Le deuxième exemple concerne la leçon 7b. Dès nos premières années de travail sur « Conversations dans la classe », nous avions remarqué que la question « Qu’est-ce que vous aimez faire quand vous êtes fatigué(e) ? » provoquait presque immanquablement la réponse « Je dors » (!). Cette réponse est très surprenante pour les Français qui connaissent peu le Japon, et elle coule de source pour ceux ou celles qui le connaissent mieux. En France, en effet, on attendrait des réponses telles que : « J’écoute de la musique… je regarde la télévision… je fais la cuisine… je lis des BD… » – toutes activités qui sont, certes, peu « fatigantes », mais qui excluent de « dormir ». Depuis, Bruno Vannieuwenhuyse et moi-même avons creusé cette question du sommeil, et avons constaté que chez les Français il est très mal vu de dormir pendant la journée ou lorsqu’on n’est pas seul. Ceci explique que lorsqu’on est fatigué, on préfère mener des activités passives ou oisives plutôt que de dormir. Au Japon, il n’y a pas de tel interdit. Les Japonais tendent à dormir un peu moins pendant la nuit et à rattraper leur sommeil pendant la journée. D’où leur réponse presque unanime à notre question. A la lumière de cette réflexion, on se rend compte que pour les Français, la question sous-jacente est : « Qu’est-ce que vous aimez faire quand vous êtes fatigué(e) et qu’il n’est pas l’heure de dormir? ».

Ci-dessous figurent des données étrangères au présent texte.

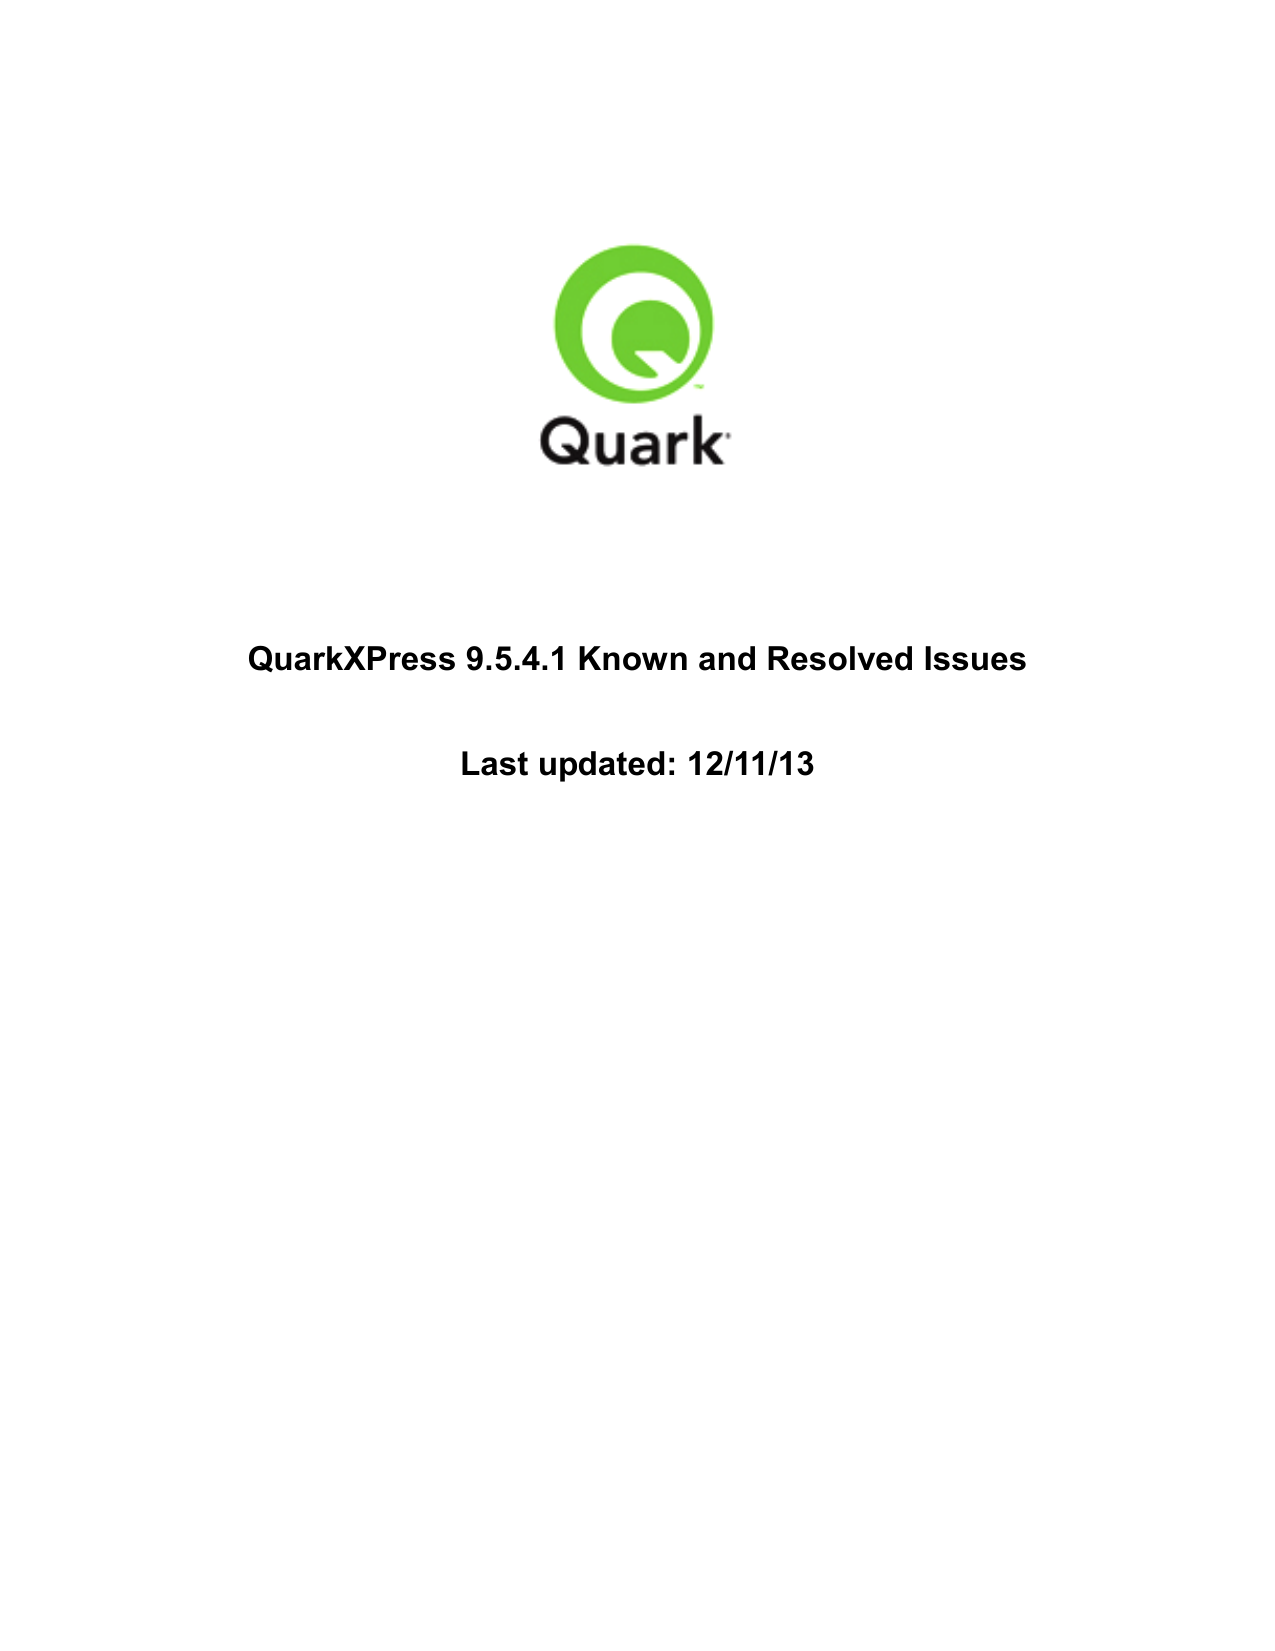 quarkxpress 2015 no cmyk profile embedded

Que pouvons-nous tirer de tout ça pour nos pratiques de classe  ?

Dans une classe de deuxième et troisième année, j’ai travaillé au tableau, en interaction avec les étudiantes et les étudiants, pour comparer les habitudes françaises et les habitudes japonaises (voir tableau ci-dessous). Cette activité nous a permis non seulement de travailler sur les structures et le vocabulaire de la leçon, mais aussi de développer des réflexions sur les différences culturelles.

Les étudiants de cette classe étaient de niveaux très disparates. Nous avons travaillé à la fois en français et en japonais.  J’ai d’abord posé la question des passe-temps de façon systématique : « Pour vous, regarder la télé (faire des promenades, etc.), c’est un passe-temps ? ». Seuls les meilleurs pouvaient répondre à cette question et expliciter leur réponse en français. Néanmoins, tous étaient en mesure de répondre « Oui, pour moi, c’est un passe-temps / c’en est un » ou « Non, pas pour moi ». Certains des étudiants me donnaient des compléments de réponse en japonais et ou encore me traduisaient leurs réponses. Au cours de la réflexion, je donnais mon opinion en tant que Français et les meilleurs étudiants aidaient les plus faibles à comprendre. Ce système d’interaction bilingue ne peut bien sûr se faire que si les étudiantes et les étudiants sont relativement motivés par la classe et si, parmi eux, quelques-uns sont capables d’exprimer des choses nouvelles en français. Néanmoins, ces interactions peuvent aussi être menées dans des classes d’étudiants peu avancés si l’enseignante ou l’enseignant peut utiliser un peu de japonais ou encore, comme le fait Louis Benoit, en utilisant l’anglais comme outil d’explication.

Toujours au cours de la discussion, j’ai pu introduire différentes formes de questions, telles que « Et vous, qu’est-ce que vous aimez faire comme passe-temps / quand vous êtes fatigué(e) ?» ou encore « Qu’est-ce que vous avez l’habitude de faire comme passe-temps / quand vous êtes fatigué(e) ?». Ces questions permettent de continuer à travailler sur les structures et le vocabulaire de la leçon, tout en menant une discussion de type interculturelle.

Je pense que de tels échanges peuvent être menés de la même façon en prenant appui sur d’autres leçons. On peut par exemple partir de la leçon 8a pour parler de la manière dont les Français et les Japonais passent leurs vacances, ou de la leçon 11b pour parler des habitudes de vie commune et de la question du mariage.